(Data segment)

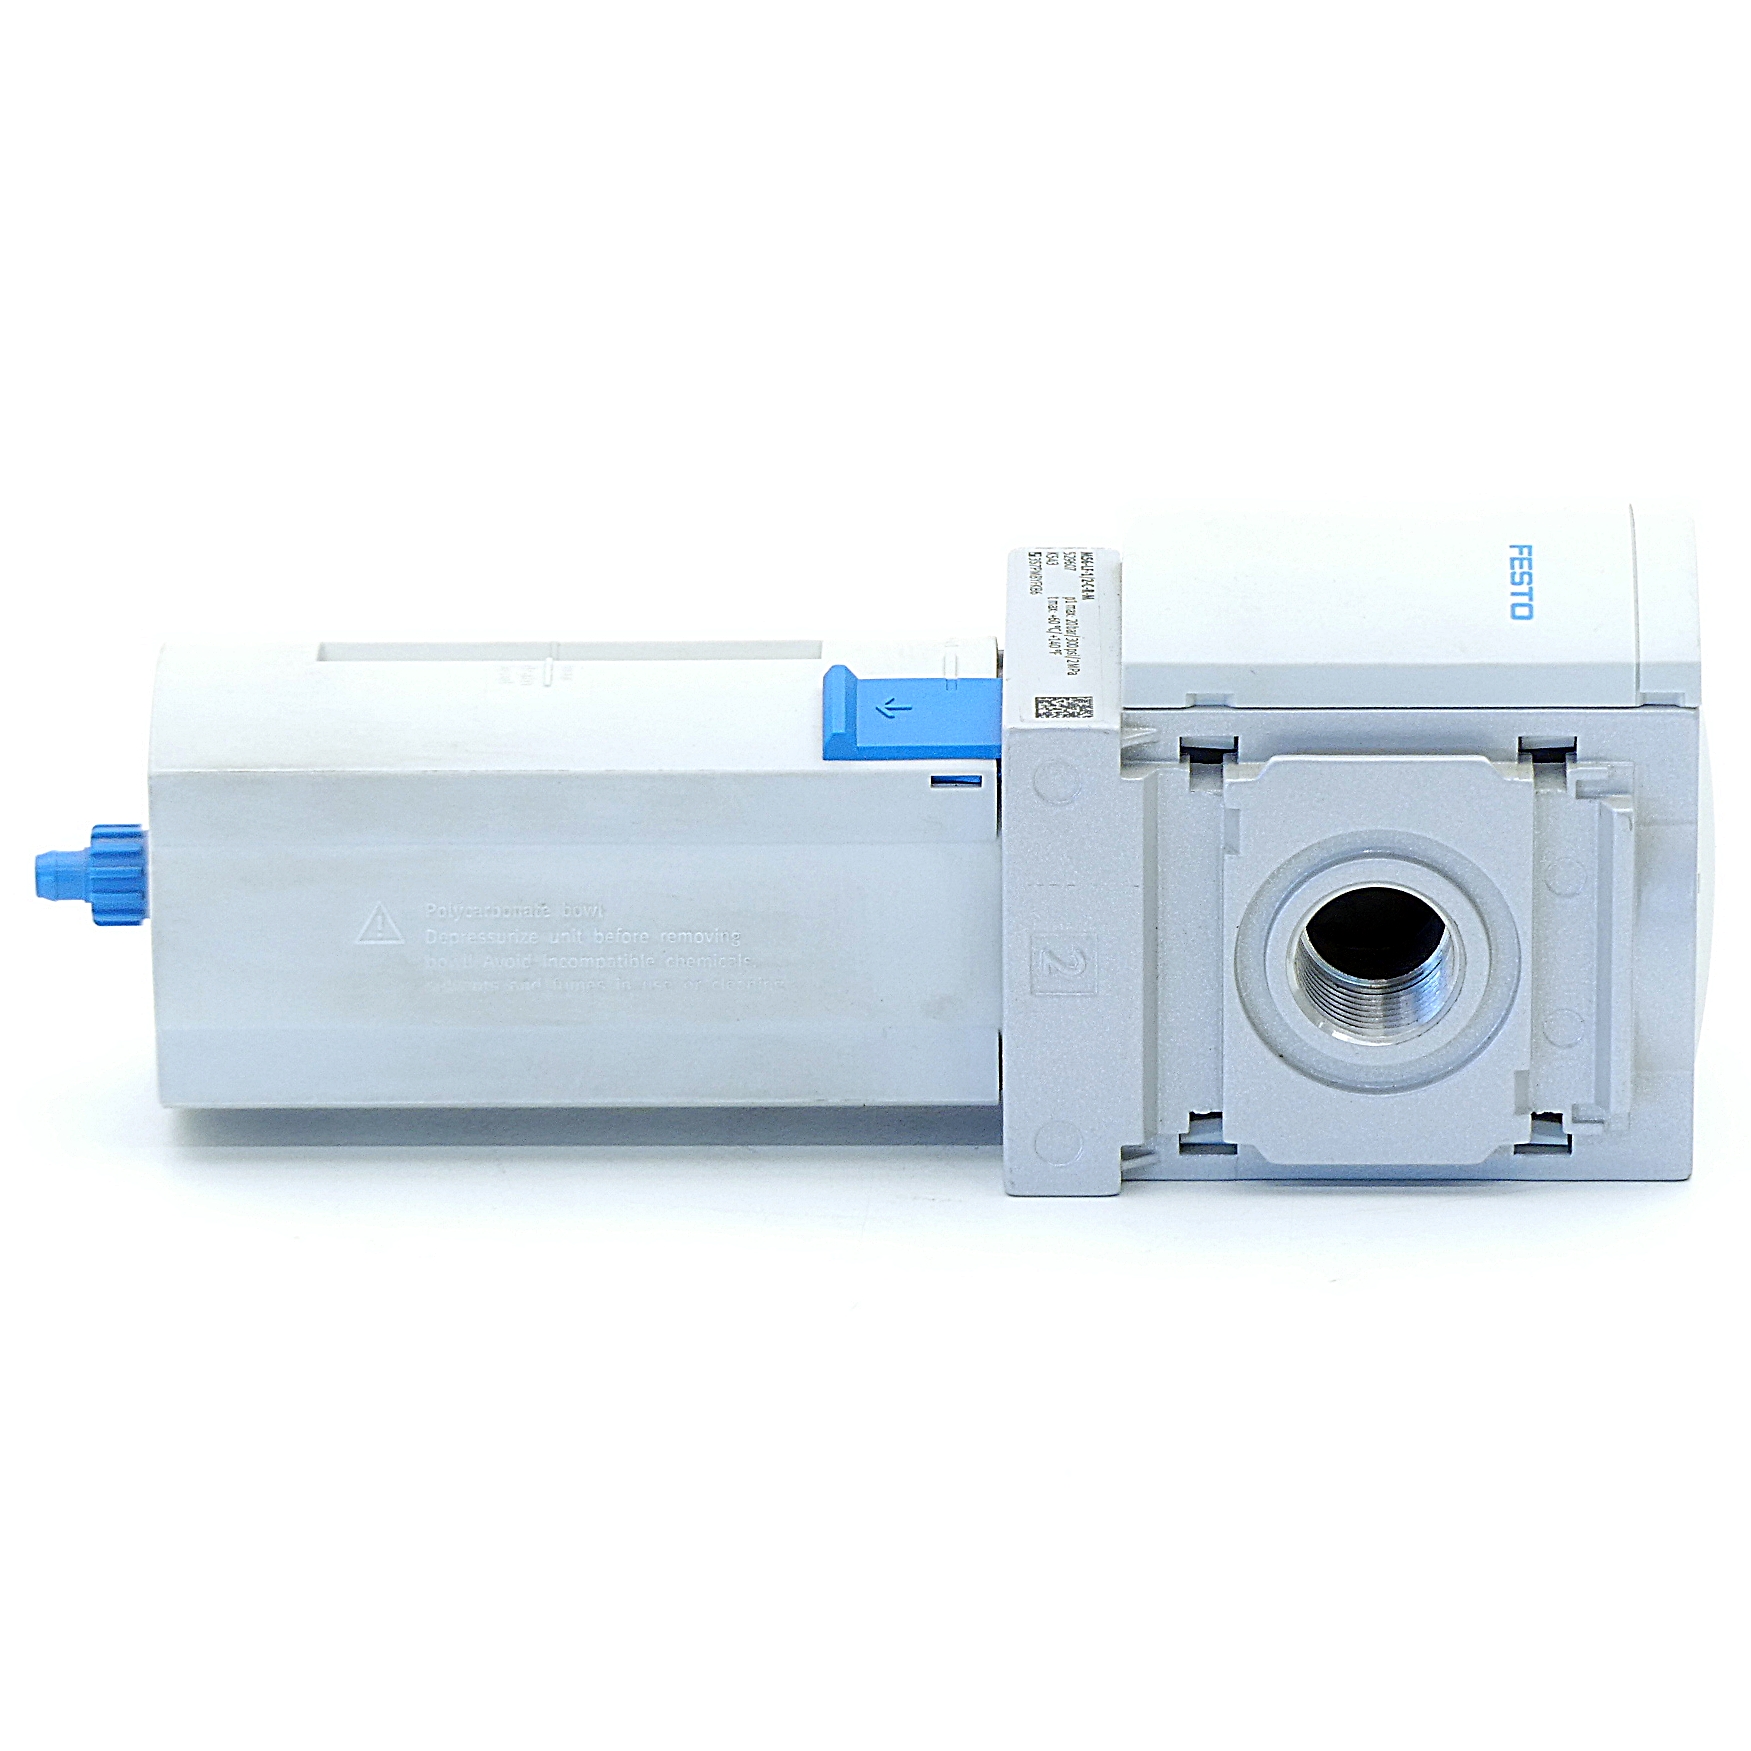 Filter regulator MS6-LF-1/2-C-R-M 
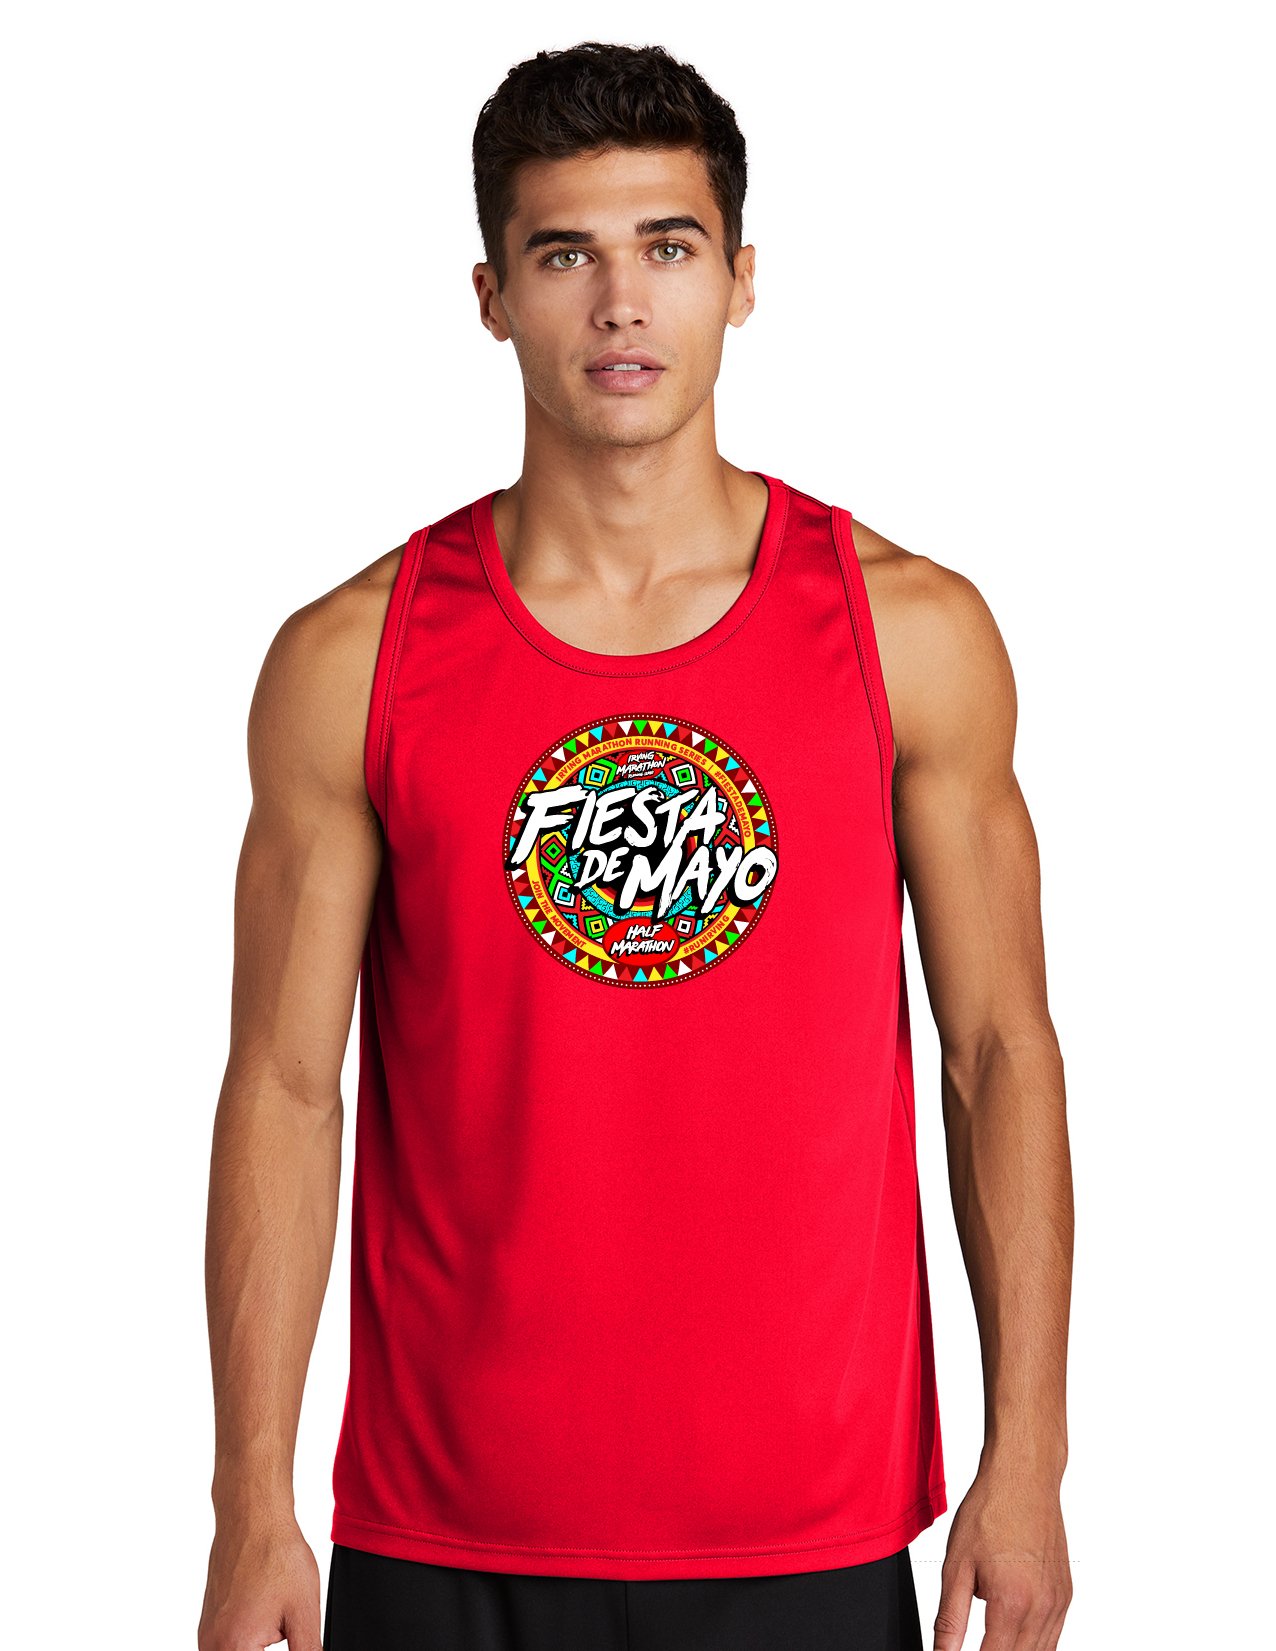 FiestaDeMayoHalfMarathon_2024_Shirt.jpg
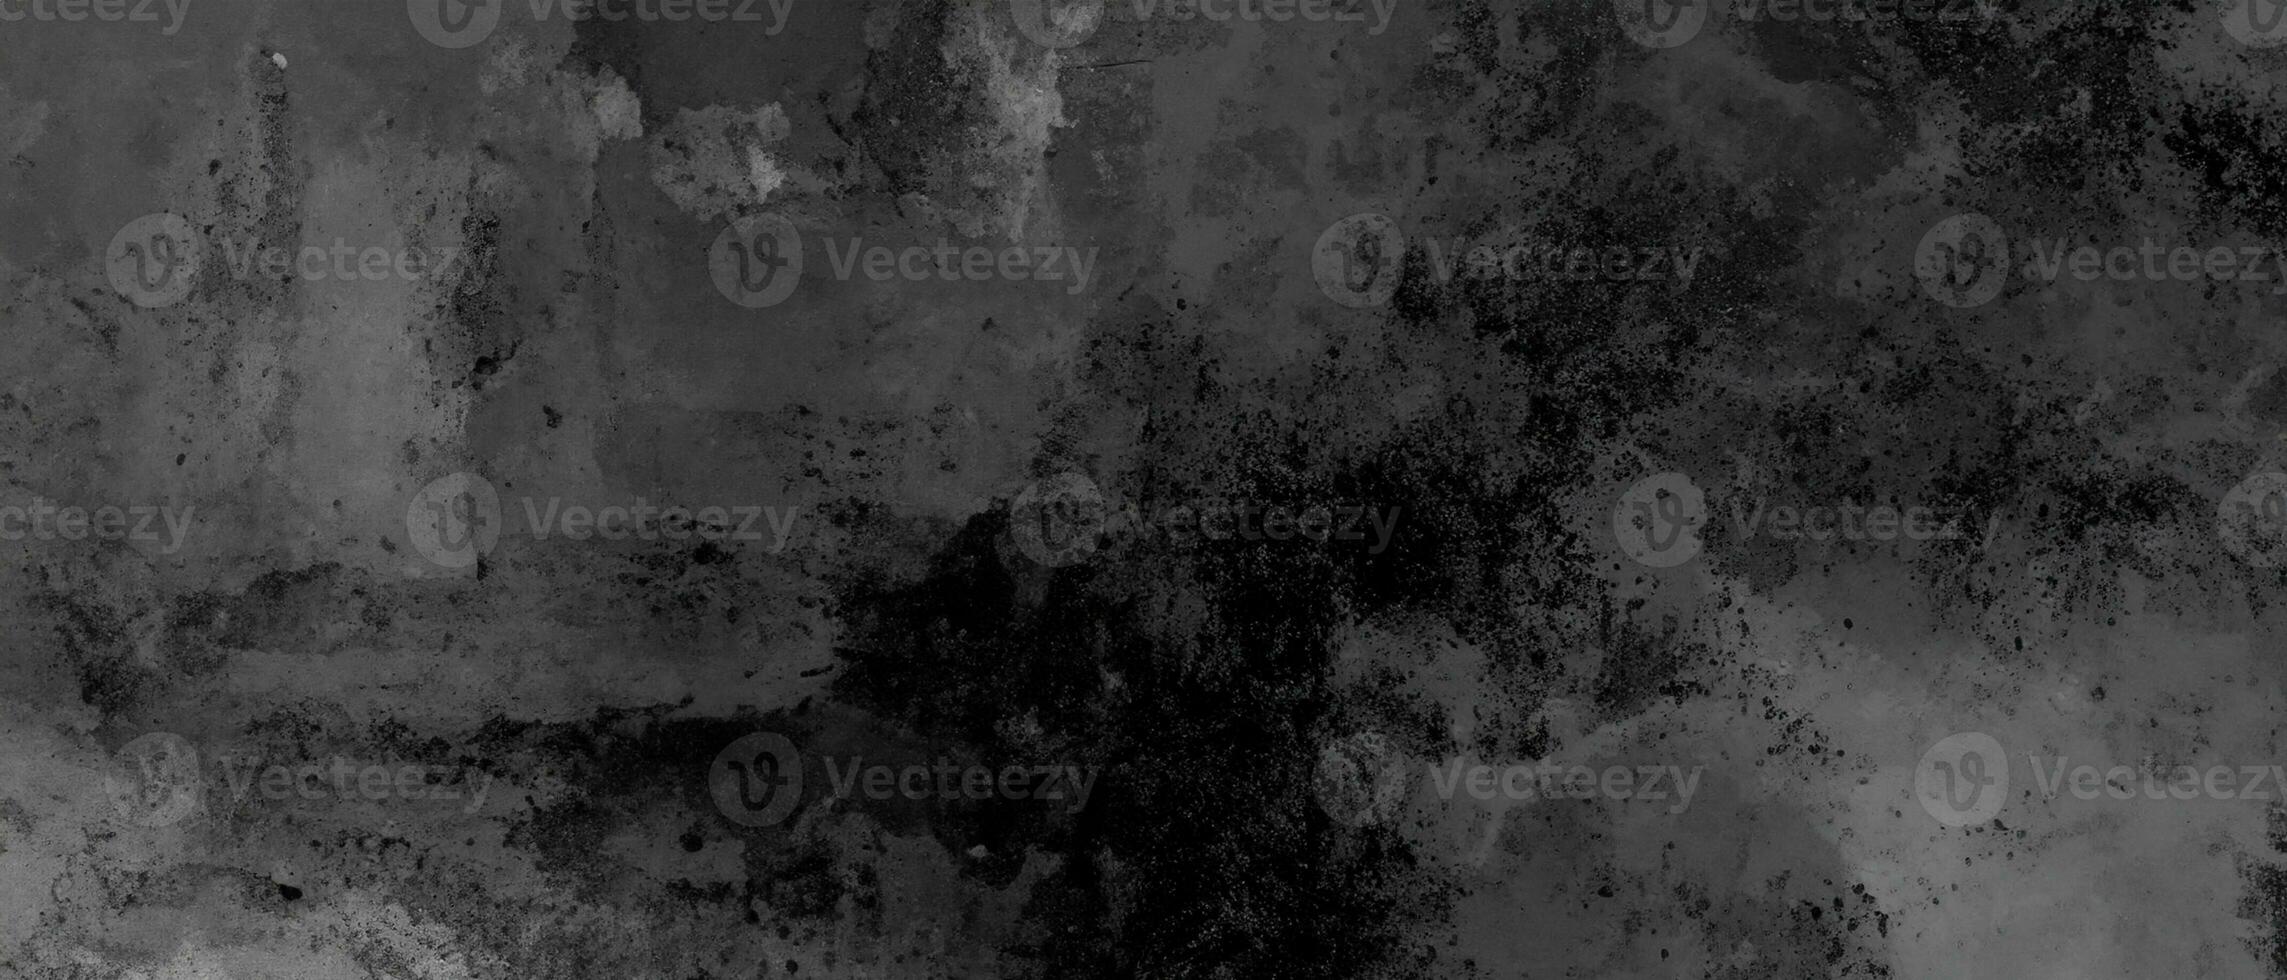 negro fondo, pizarra textura para sitio web antecedentes, antiguo Clásico salpicado acuarela pintado papel o texturizado antiguo pared con afligido abigarrado grunge foto

(End Data segment)

Task description — Reproduce the listing above exactly, excluding all pictures.

Written response —
 Filter regulator MS6-LF-1/2-C-R-M 
 FiestaDeMayoHalfMarathon_2024_Shirt.jpg
 negro fondo, pizarra textura para sitio web antecedentes, antiguo Clásico salpicado acuarela pintado papel o texturizado antiguo pared con afligido abigarrado grunge foto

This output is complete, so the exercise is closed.